A father is forced to confront the impact his choices have had on his offspring.
I couldn’t be more excited to be the one to introduce you to A Number, Caryl Churchill’s staggeringly smart and deeply unsettling drama about a father and his son(s).
Writers Theatre prides itself on bringing the work of the finest playwrights in the English language to the North Shore, and we are long overdue to include Churchill in these ranks. A British writer of dazzling wit and formidable intelligence, she has been challenging, testing and rewriting the conventions of contemporary theatre for sixty years.
When she sat down to write A Number in the early 2000s, a debate was raging around the ethics of creating human embryos and the replication of sheep DNA. Now, as a new generation confronts the prospect of gene editing and designer babies, the necessity for scientists to focus on the potential real-world ramifications of their actions has never been more pronounced. Churchill anticipated all of this, not by setting her play in some academic laboratory, but by placing it in a living room with one specific family who is facing the lasting and terrible repercussions of having “played God.”
The DNA of A Number can be traced not only to the heady science fiction of The Twilight Zone and Black Mirror, but also to the complicated family dynamics of Eugene O’Neill and Arthur Miller. It offers a cerebral high combined with a devastating emotional wallop, all in an efficient and taut 65 minutes. In this play, a father is forced to confront the impact his choices have had on his offspring. Constructed like a particularly brutal science experiment, it forces us to ask the most fundamental questions imaginable about the things we pass on to our children.
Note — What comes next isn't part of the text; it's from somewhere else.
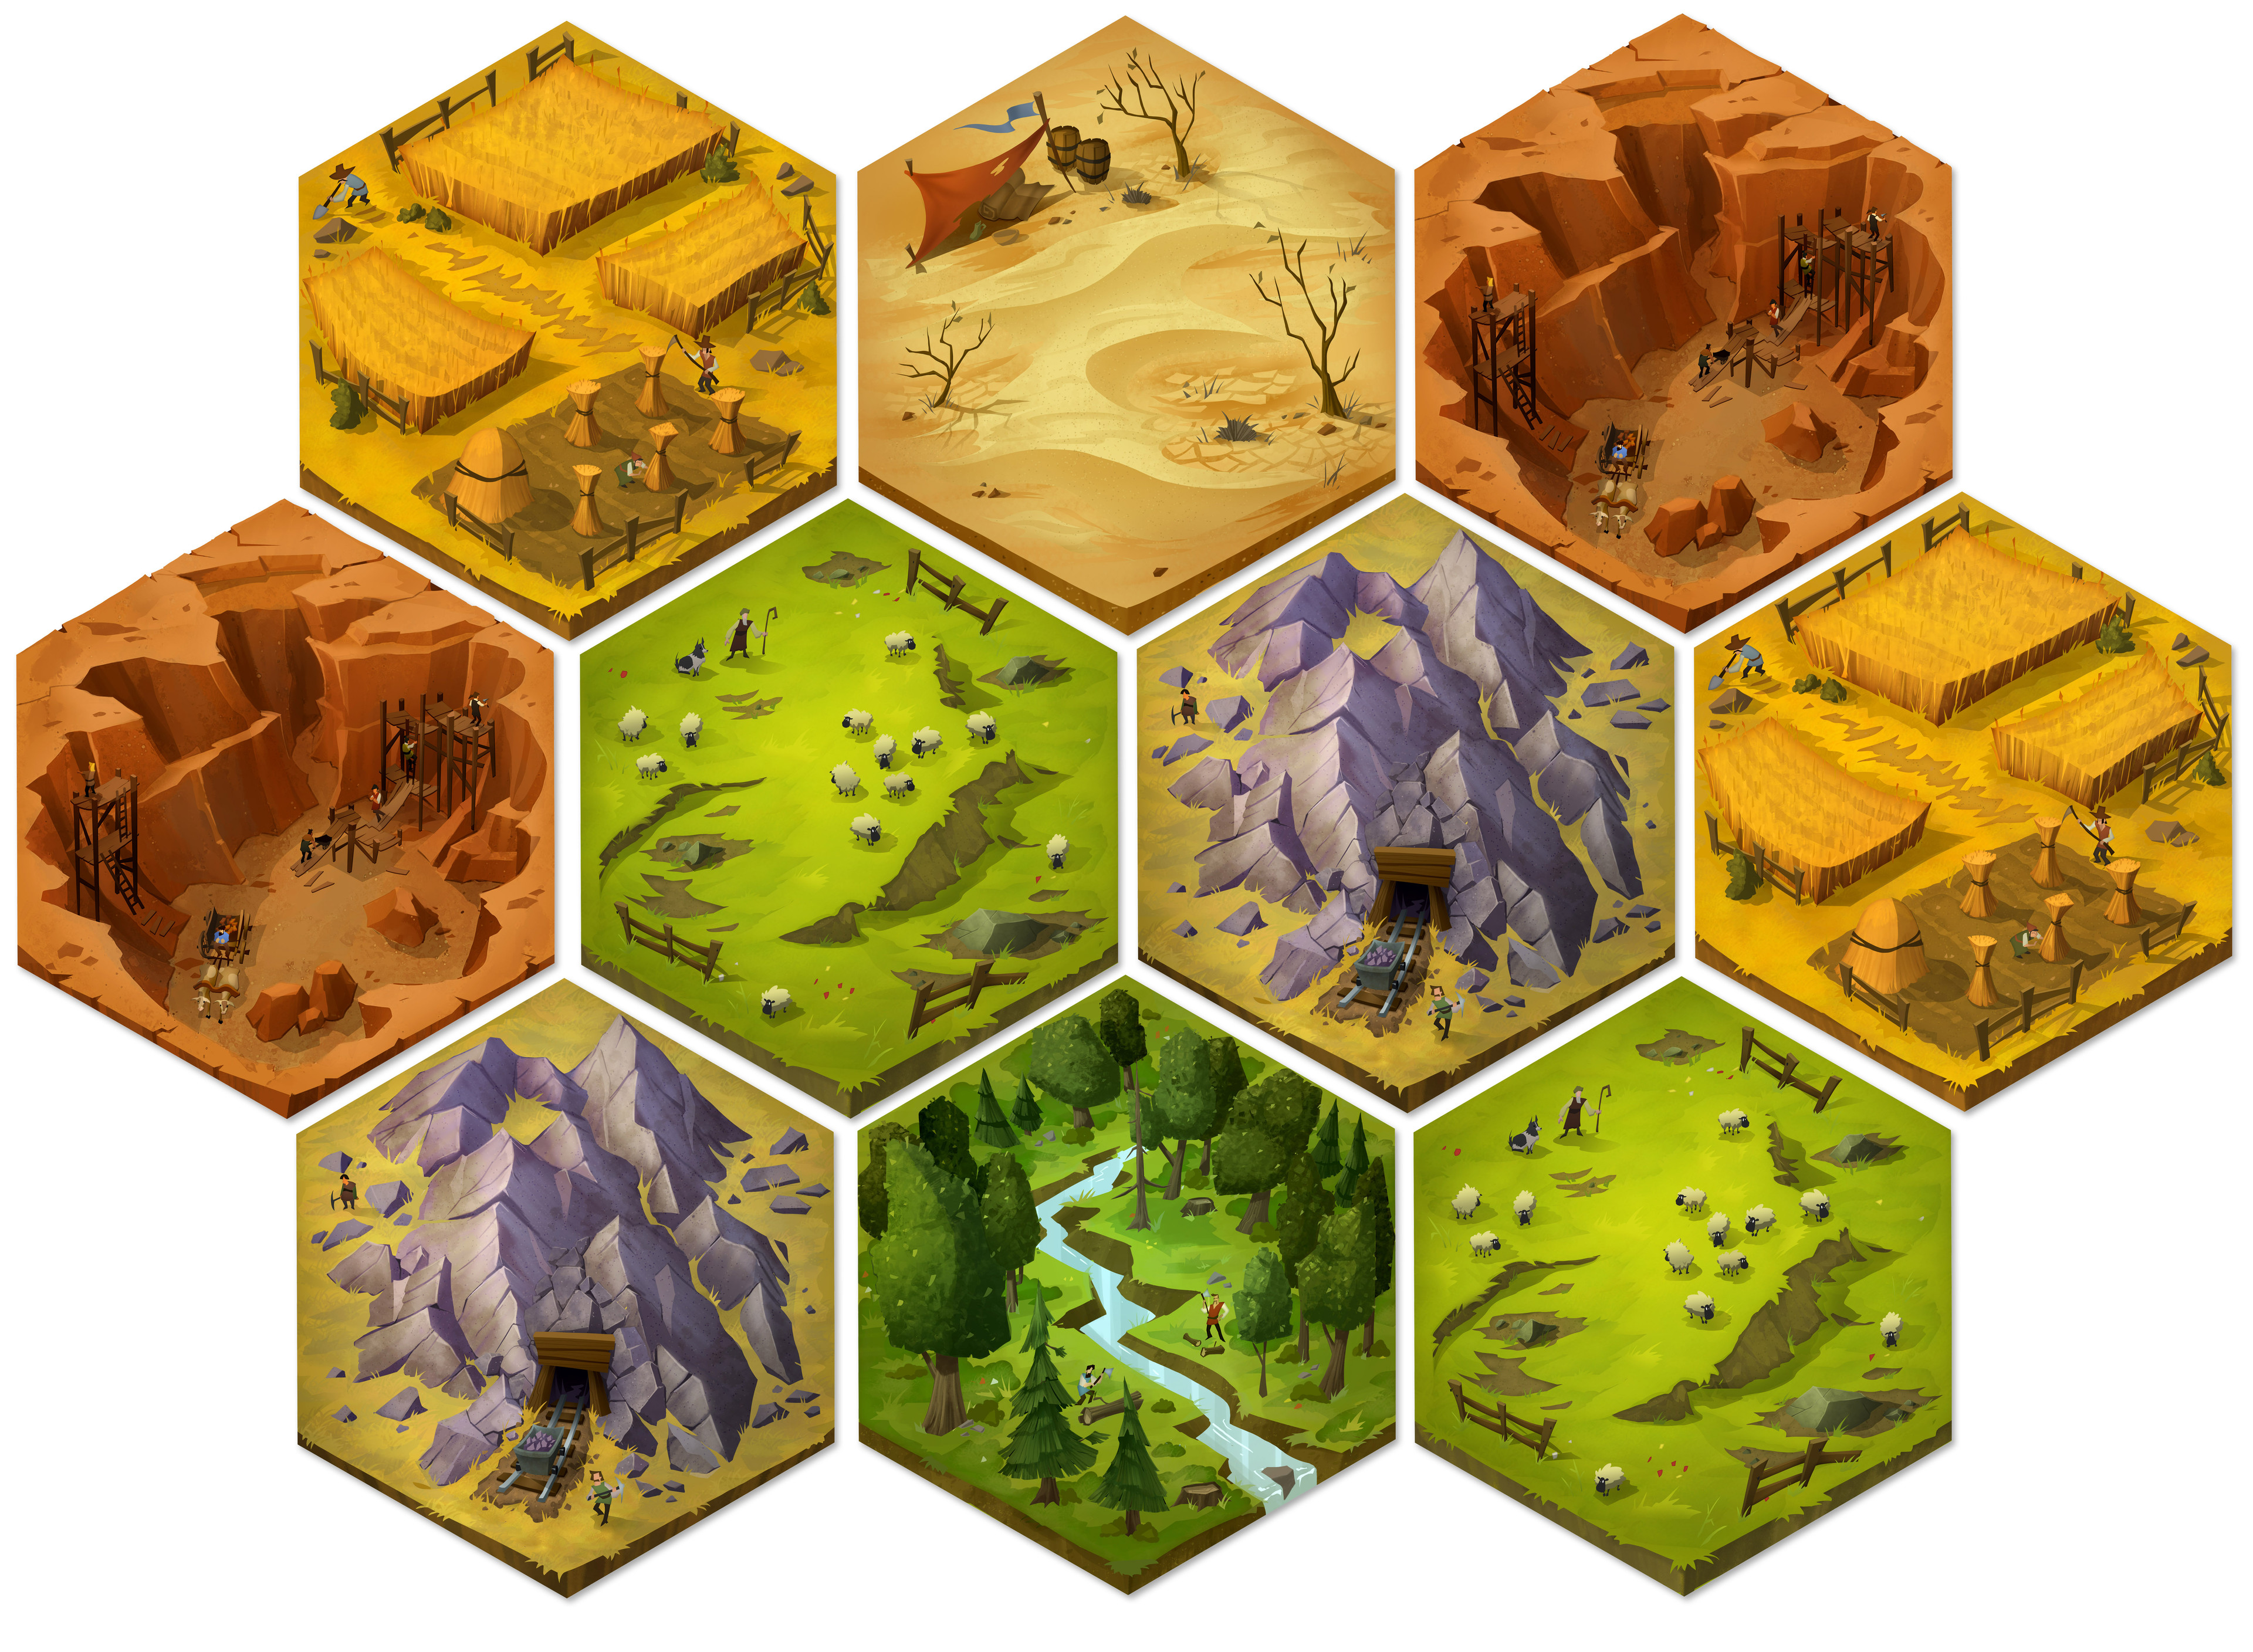 Here are the Resource Hexes. I wanted to give them as much dimension as I could.

Working on this play is necessarily going to take on an unusual personal resonance for me. Sometime in the next few days, I’m anticipating the birth of my first child. I’ll take leave to be there for those vital first few weeks, and then return to work in time to be present for much of the rehearsal process for A Number. Already, I’m haunted by the questions this play asks of me. What gifts and what struggles will I genetically pass on to my daughter? And, at the same time, how will I be shaping her development, not just in those times when I have a lesson I hope to impart, but in all those deeply human moments that pass in between?
Churchill offers us as an audience a stark and essential challenge, but she does it in a scintillating and compelling play that sparks the imagination and cuts to the marrow. Please, lean forward and engage. This play and this extraordinary production are what we have to pass on to you.